EVAL_FILES="${DATA_DIR}/data/nq_data/dev.jsonl"
SAVE_DIR=${DATA_DIR}/experiments/
EXPERIMENT_NAME=my-nq-64-shot-example
TRAIN_STEPS=30

srun python train.py \
    --shuffle \
    --train_retriever \
    --gold_score_mode pdist \ # loss function for retriever (see paper)
    --use_gradient_checkpoint_reader --use_gradient_checkpoint_retriever\ # save GPU memory with gradient checkpointing at expense of speed
    --precision fp32 \ # use "bf16" if supported by your GPUs, fp16 is usually unstable
    --shard_optim --shard_grads \ # Save GPU memory using these optimizations
    --temperature_gold 0.01 --temperature_score 0.01 \ 
    --refresh_index -1 \ # for fewshot finetune, refreshing the index (i.e. recomputing the embeddings) is expensive and not really worth it
    --query_side_retriever_training\ # instead, for fewshot runs, finetuning only the query-encoder of Contriever works well.

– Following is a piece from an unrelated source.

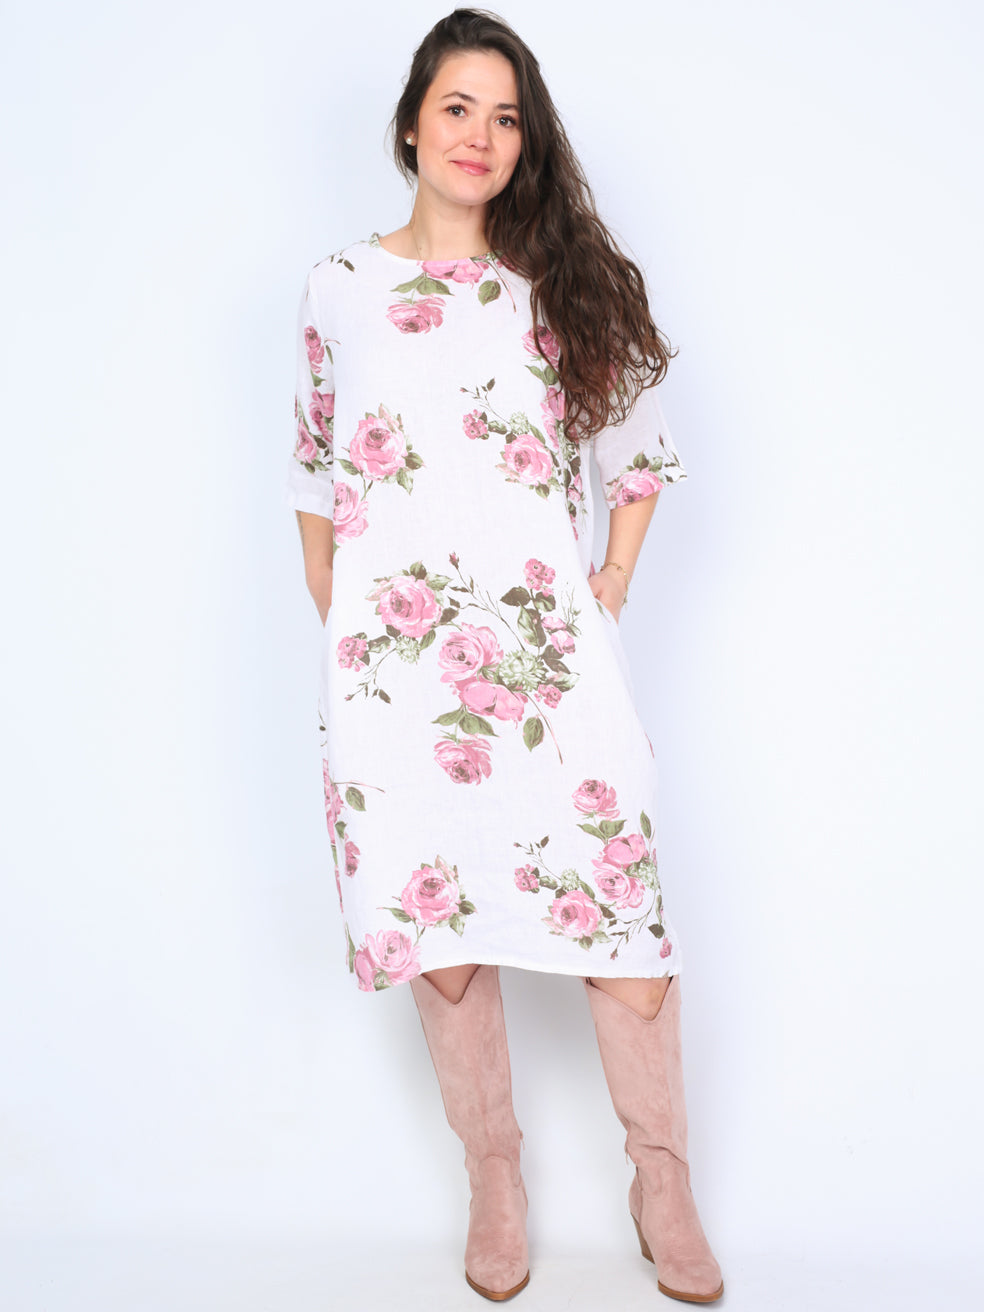 Krone 1 linen dress with flower print

Remove this flag to finetune whole retriever
    --target_maxlength 16 \ # max length of generation
    --reader_model_type google/t5-${SIZE}-lm-adapt \ # architecture of Atlas
    --dropout 0.1 --weight_decay 0.01 --lr 4e-5 --lr_retriever 4e-5 --scheduler linear \ # optimization flags
    --text_maxlength 512 \ # max length of question + passage when concatenated
    --model_path "${DATA_DIR}/models/atlas/${SIZE}" \ # path to the pretrained Atlas model we just downloaded (pass 'none' to init from plain t5 and Contriever)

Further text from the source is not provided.